Assessing Quantitative Literacy

 

Jack Bookman

 

Duke University

 

bookman@math.duke.edu

 

 

Brief History of the Calculus Reform Movement

 

why discuss this?:

                QL has some historical roots in the CR effort

                lessons to be learned from the evaluation of the calculus reform efforts

 

The Tulane Conference  - January 1986

 

Problems with instruction in calculus repeatedly mentioned by participants at the conference

(Source:  Tucker, Alan and Leitzel, Jim (1995).   Assessing Calculus Reform Efforts.  published by MAA)

                • too few students were successfully completing calculus;

                • students were mindlessly implementing symbolic

                  algorithms with no understanding  and little facility at

                  using calculus in subsequent mathematics courses;

                • faculty were frustrated at the need to work so hard to

                   help poorly prepared, poorly motivated students learn

                   material that was a shadow of the calculus they had

                   learned;

                • calculus was being required as an unmotivated and

                   unnecessary filter by some disciplines which made little

                   use of it in their own courses; and

                • mathematics was lagging [behind] other disciplines in

                   the use of technology.

 

 

In  1987, the NSF began its Calculus Initiative  (eventually spending $40,000,000 on this project over approximately the next ten years)

 

What calculus reform means varies greatly from one institution to another.  Reform is manifested by changes in one or more of the following:

                use of technology;

                cooperative learning;

                group projects;

                writing; and

                real world problems. 

 

 

 

 

 

 

 

 


Evaluating Calculus Reform Efforts at Duke University

 

The evaluation had two phases:

 

During the first years of the project, the emphasis was on formative evaluation   (the cook tastes the soup, quoting Robert Stake) focussing on student and faculty reactions to the course and other problems of implementation.  

 

During the later years, the emphasis changed to summative evaluation   (the guests taste the soup) comparing outcomes of traditionally and experimentally taught students on a set of outcomes.  The outcome based phase had three main components: 

 

(1)  a problem solving test given to both Project CALC (PC) and traditional students (TR) while they were enrolled Calculus II; 

 

(2) a “retention" study of sophomores and juniors, both PC and TR; this comparison used tests of writing, attitudes, skills, conceptual understanding and problem solving ; and

 

(3) a follow-up study, conducted during the last year of the project, focussed on the question, “Do PC students do better in and/or take more courses that require calculus?" 

 

 

Other features of the evaluation of the evaluation of Project CALC:

 

the "accounting model" of evaluation   -   insiders vs outsiders

 

(almost) random assignment  

 

both qualitative and quantitative

 

What worked and what didn't in this study?

 

 

What have we learned from attempts at evaluating calculus reform efforts?

 

 

comparison groups - even random assignment is difficult

 

need to be built into the design of an intervention - not an afterthought

 

not well defined treatment

 

political and ideological issues

 

issues of validity and reliability of the instruments used

 

difficult to get statistically significant results from a single intervention -  there are often many other important factors

 

the opposite of the Hawthorne effect

 

this is messy and time consuming and doesn't make you popular

 

need to do it early and to make the assessment a central part of the project and not an afterthought.

 

But it is possible to get insight into what is going on and to use results to make improvements

 If you thought that was difficult, try evaluating QL

 

Would any two people in this room agree on what QL is?     but there seems to be a growing consensus

 

What we can do?

 

locally define what it means to be quantitative literate

                graduates from college x should be able to ...

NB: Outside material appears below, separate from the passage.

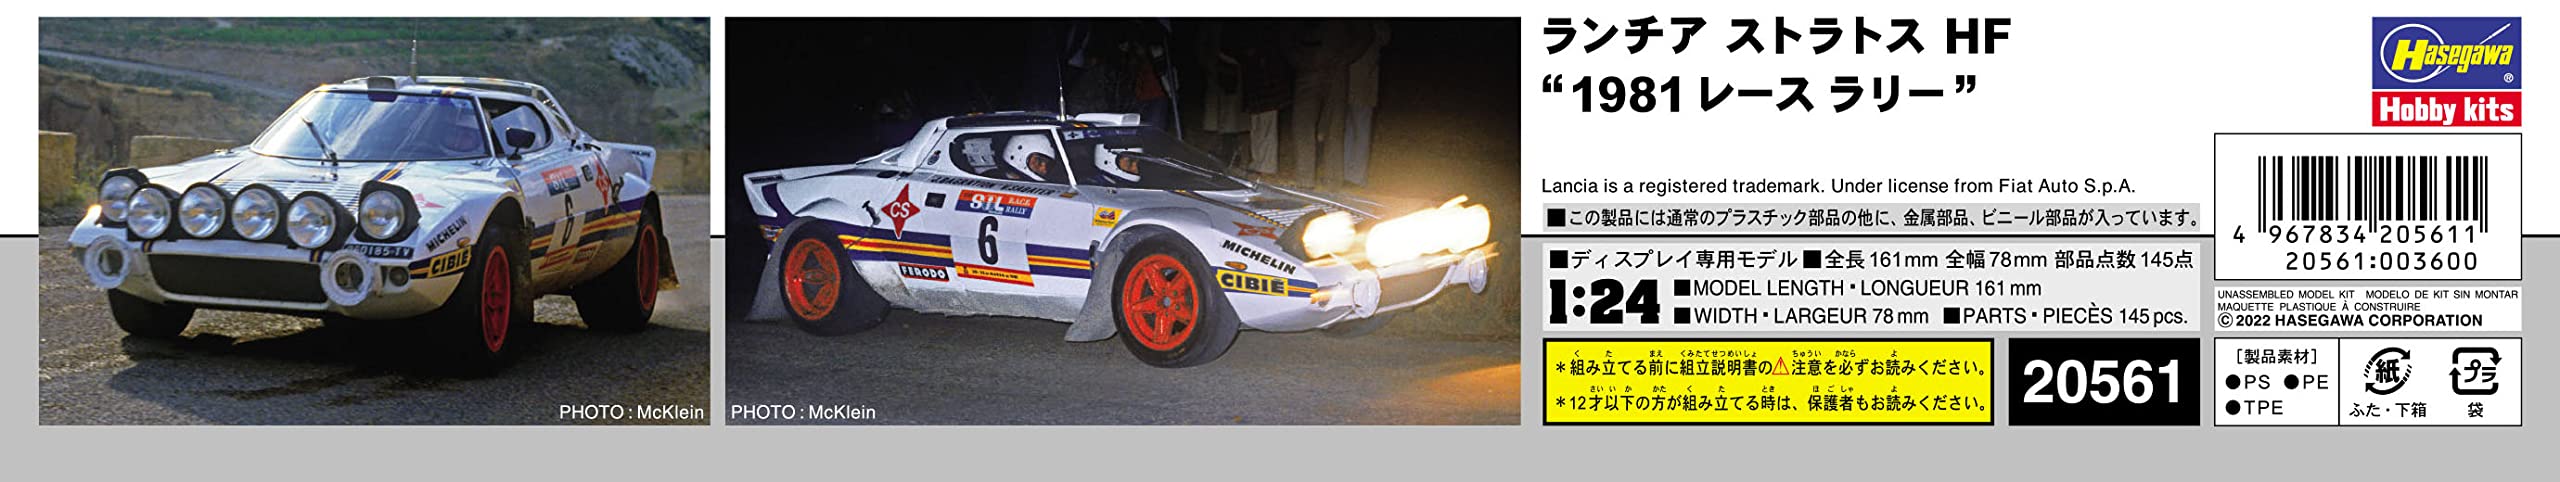 HASEGAWA 1/24 Lancia Stratos Hf '1981 Race Rally' Plastikmodell

                this is hard and must be thought of as an iterative process

                involve lots of faculty - in ways other than convening a meeting

                                well designed surveys; focused interviews

 

develop and pilot some instruments (both qualitative and quantitative) - including pre & post tests, attitude surveys, faculty surveys, rubrics for analyzing course content

 

develop baseline data

 

be aware of  the political and cultural environment

 

some standards for evaluation work should be the same as in more traditional scientific research - ideology shouldn't drive conclusions (be prepared to be surprised by results, to be honest and to take the heat)

 

but some standards are different  - try doing a double blind study in education

 

conduct longitudinal developmental studies like the one being conducting here at Mac

 

remember though that we can't do everything

 

 

 

 

QL presents a particular challenge for assessment:

 

  Assessment items must be set in a rich context in which multiple problem solving approaches are possible, and perhaps there is not one "right" answer.

 

   On the other hand, the assessment instruments must not take too much time to administer, must include a multitude of problems and situations, and must be designed to allow for reliable scoring.

 

   QL assessment instruments must include problems that are not simply schema driven (i.e., students have a well-recognized routine for solving the problem), but also are not so non-routine that students cannot solve them.